Give all the lines below again, exactly, with no pictures.

» **Raw data**
-- -- --
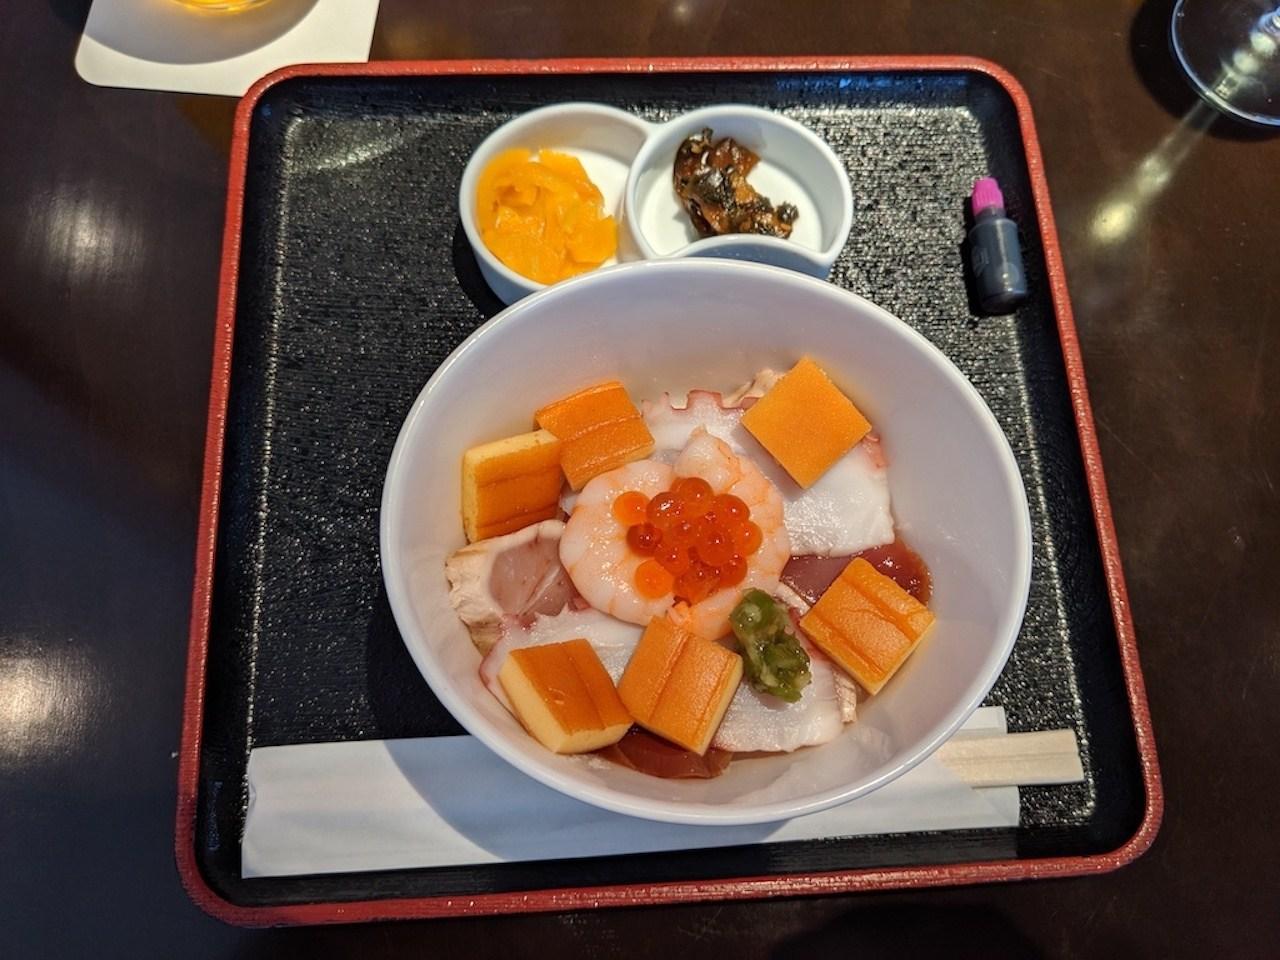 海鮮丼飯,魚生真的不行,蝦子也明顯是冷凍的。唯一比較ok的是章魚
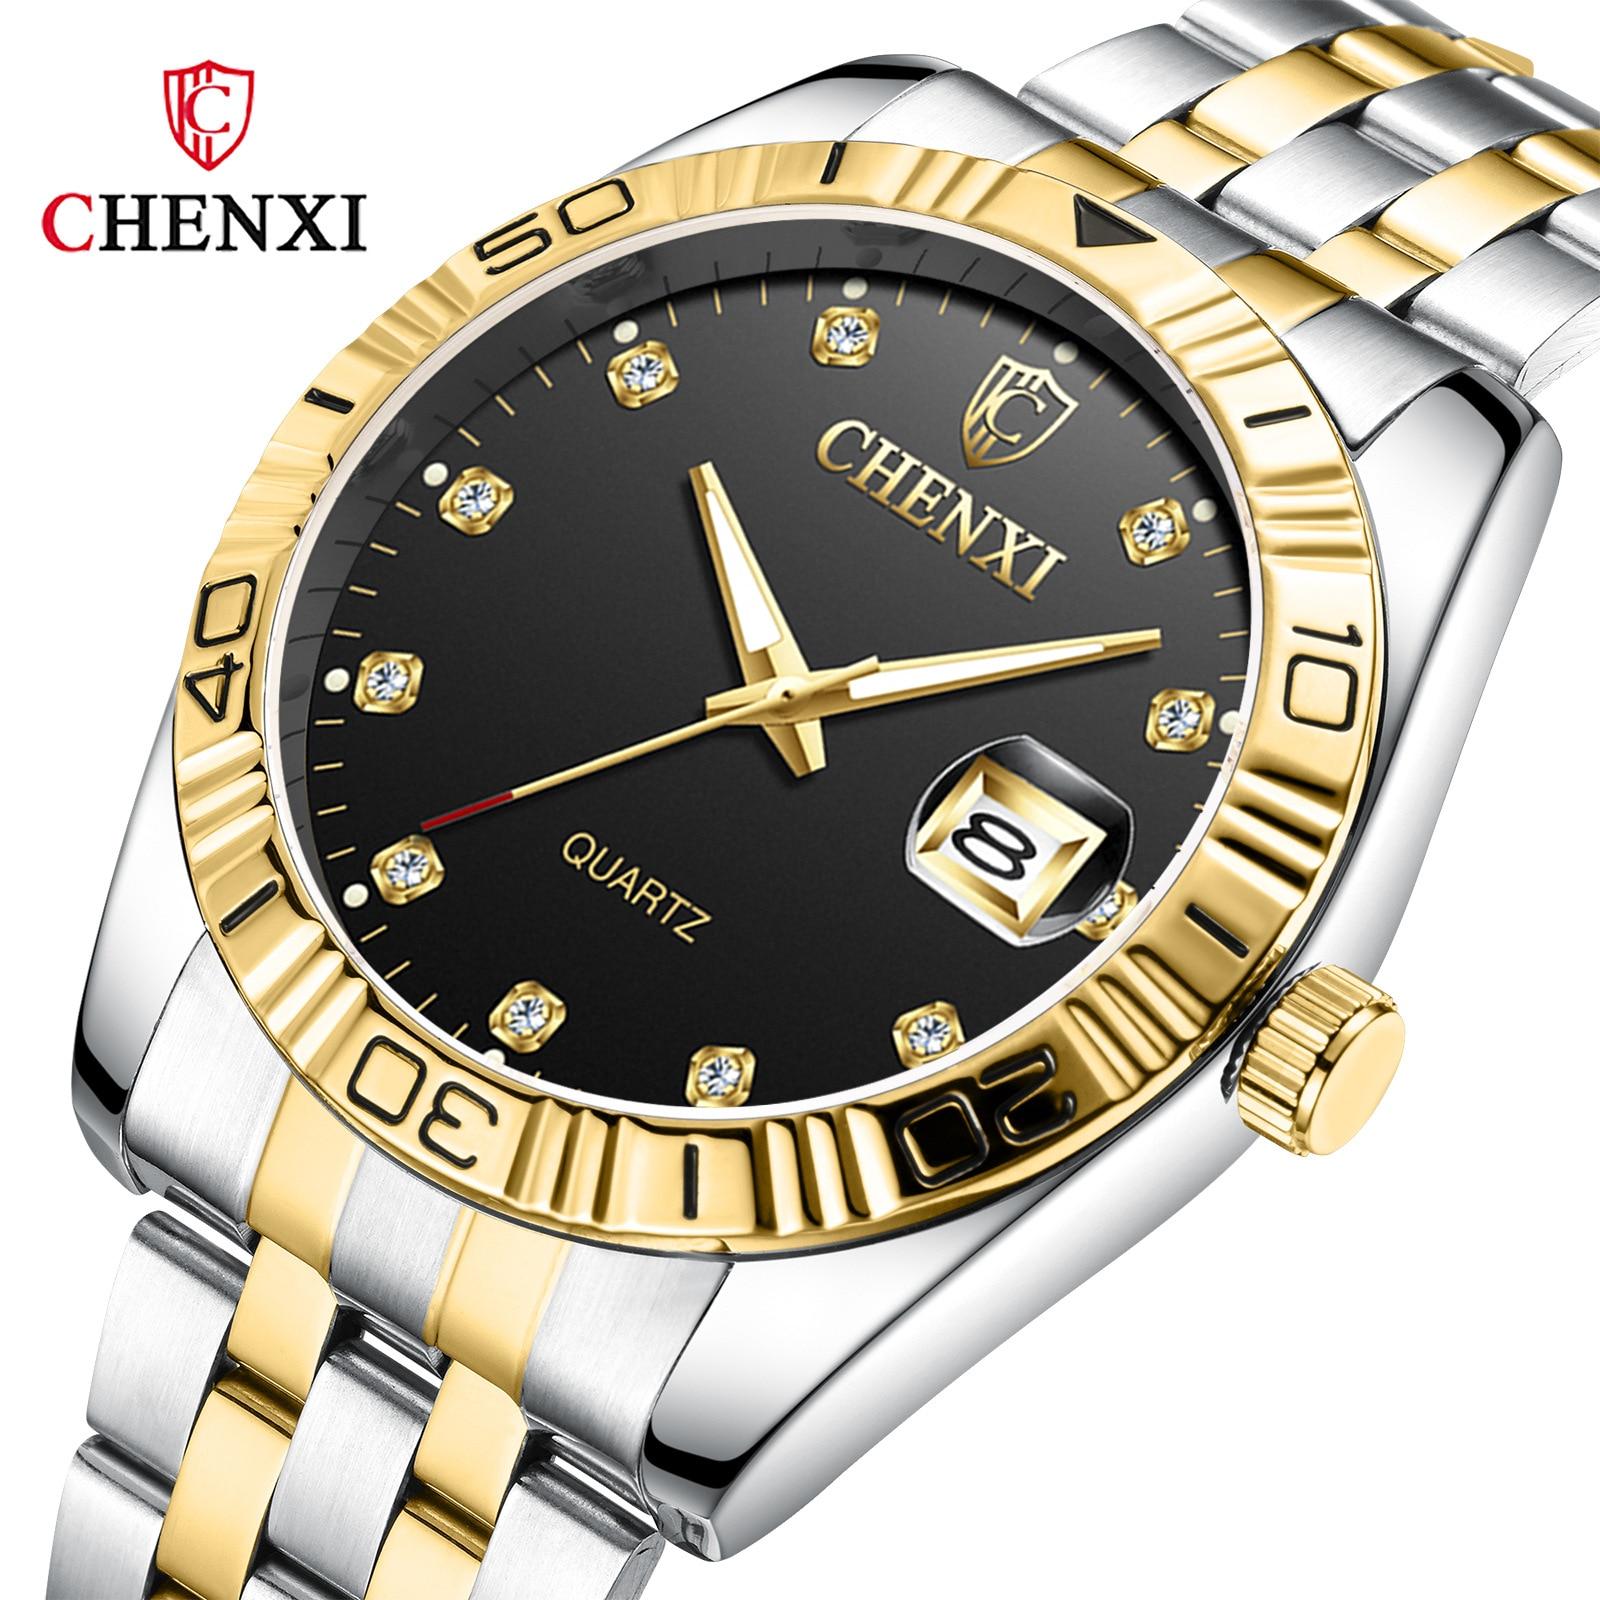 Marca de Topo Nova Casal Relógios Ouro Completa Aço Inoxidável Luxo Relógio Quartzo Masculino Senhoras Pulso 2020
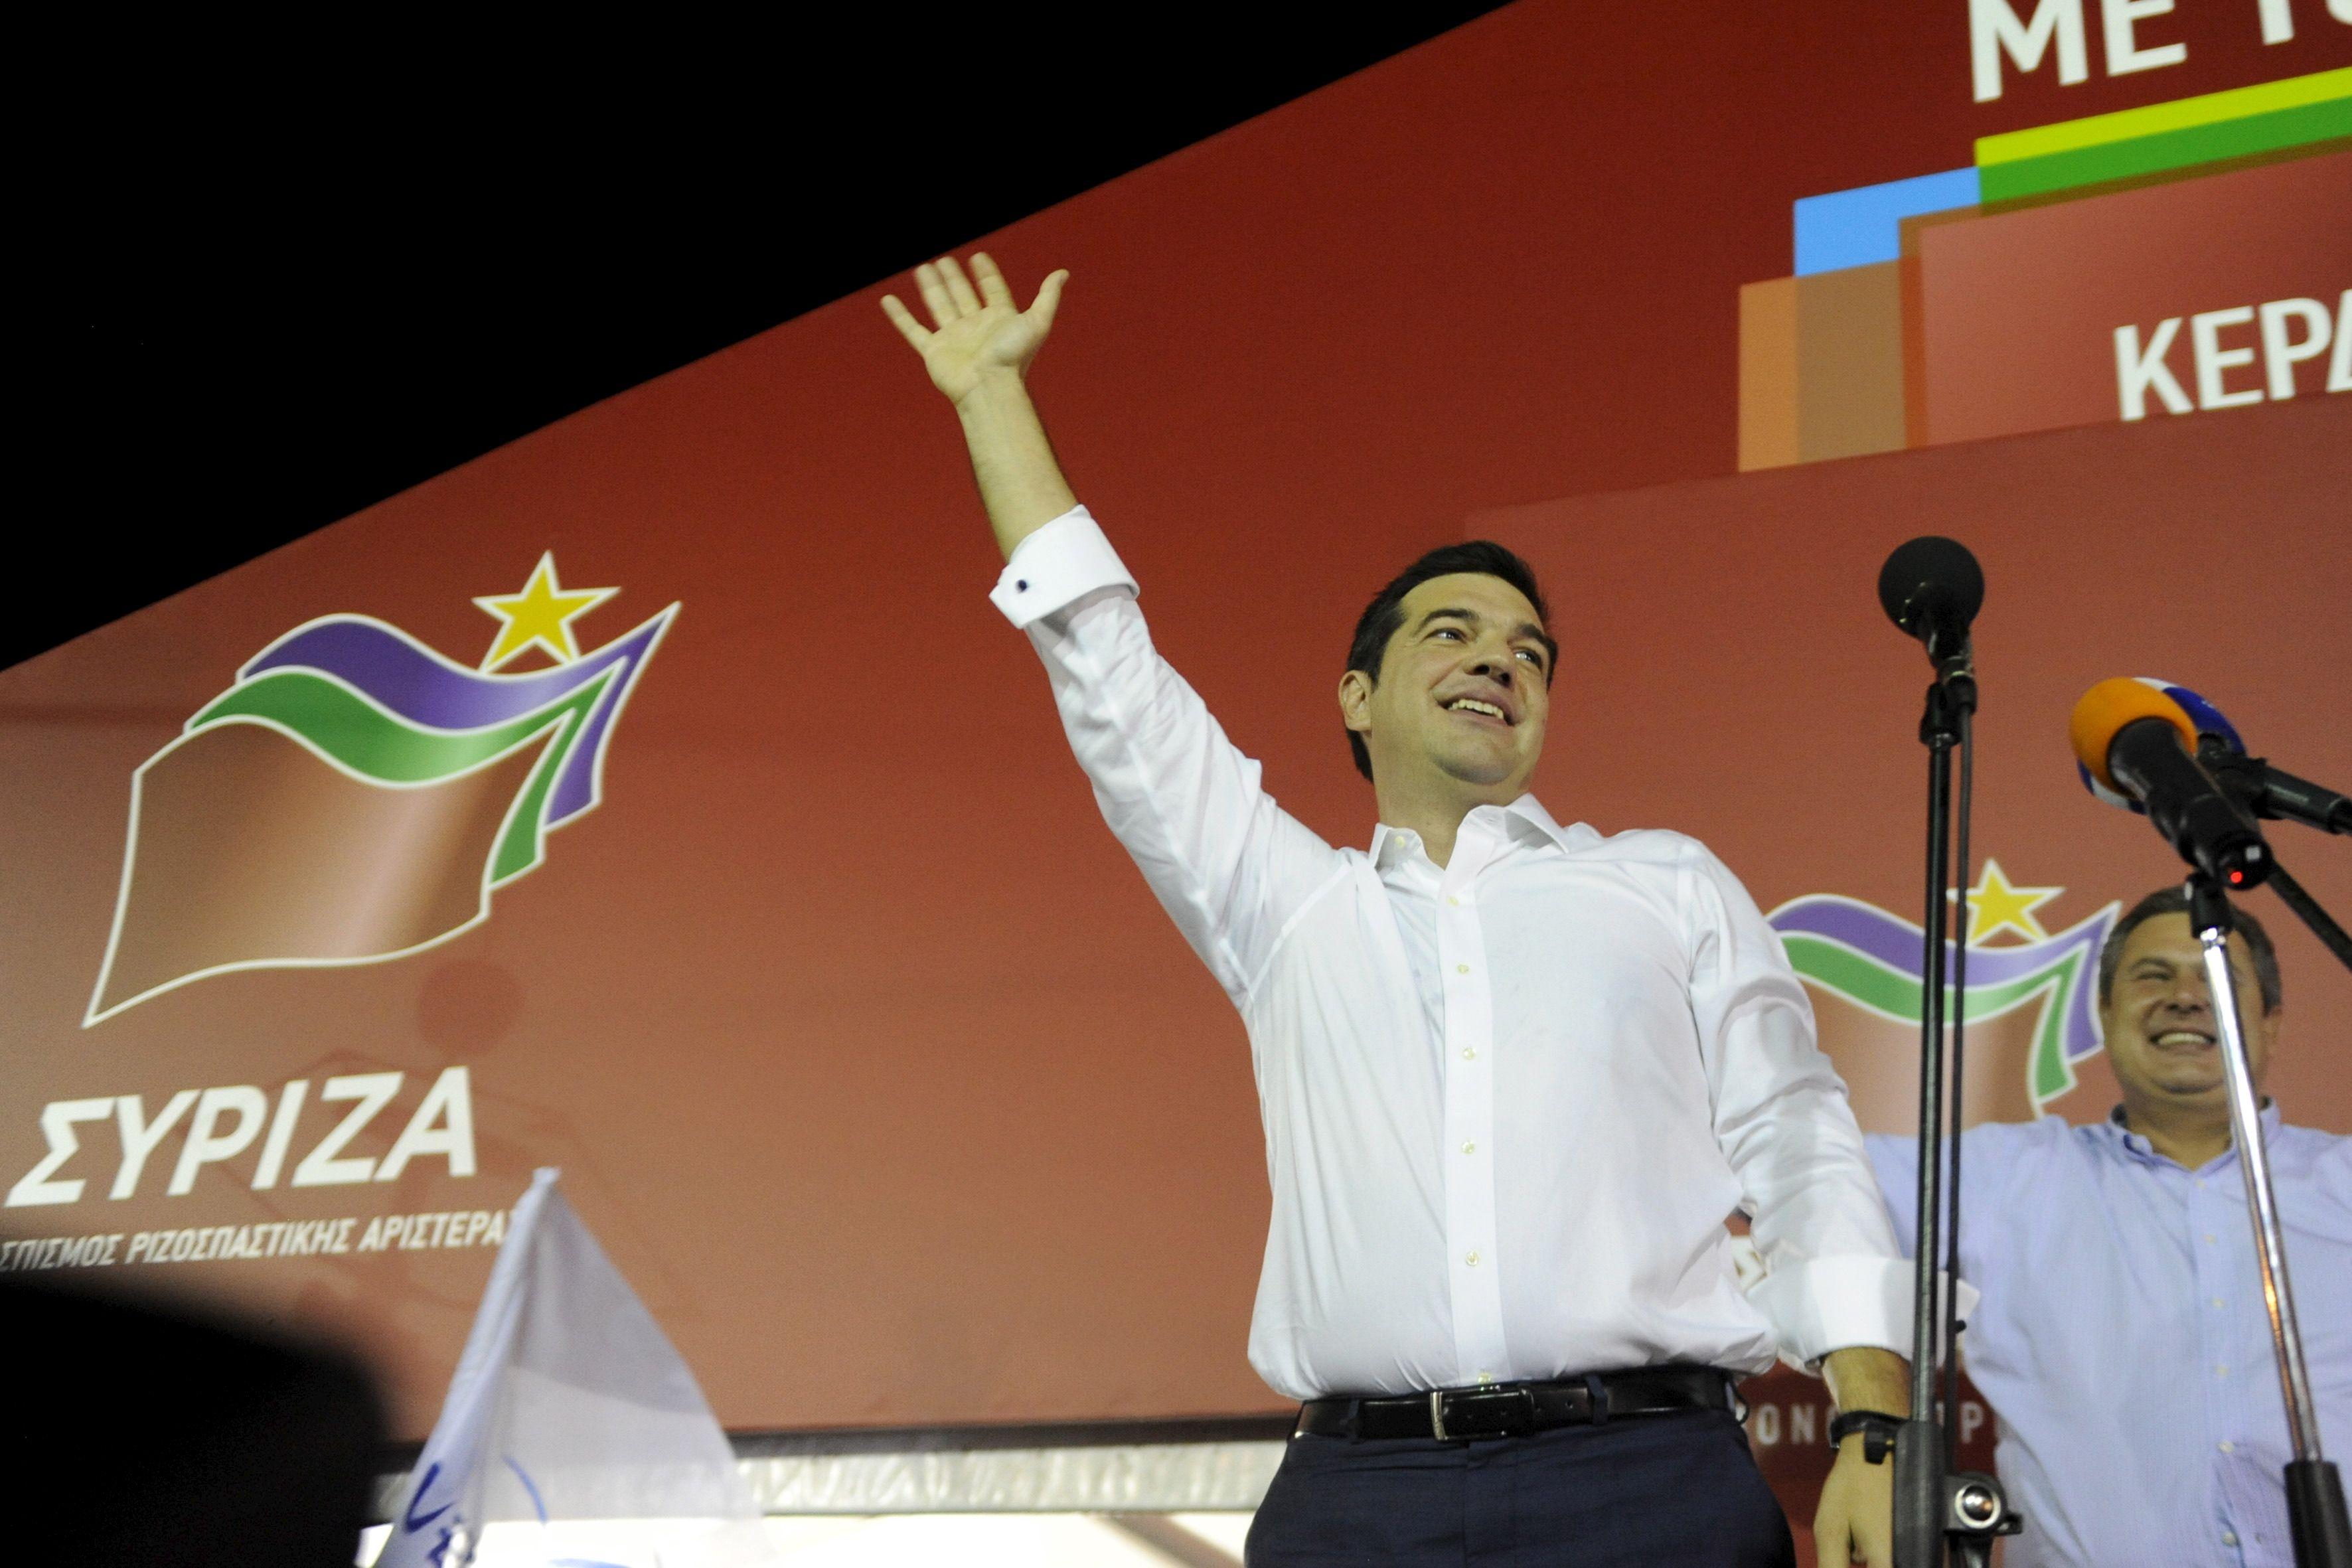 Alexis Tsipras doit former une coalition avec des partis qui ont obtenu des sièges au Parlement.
-- -- --
» **Response to this exercise**
 海鮮丼飯,魚生真的不行,蝦子也明顯是冷凍的。唯一比較ok的是章魚
 Marca de Topo Nova Casal Relógios Ouro Completa Aço Inoxidável Luxo Relógio Quartzo Masculino Senhoras Pulso 2020
 Alexis Tsipras doit former une coalition avec des partis qui ont obtenu des sièges au Parlement.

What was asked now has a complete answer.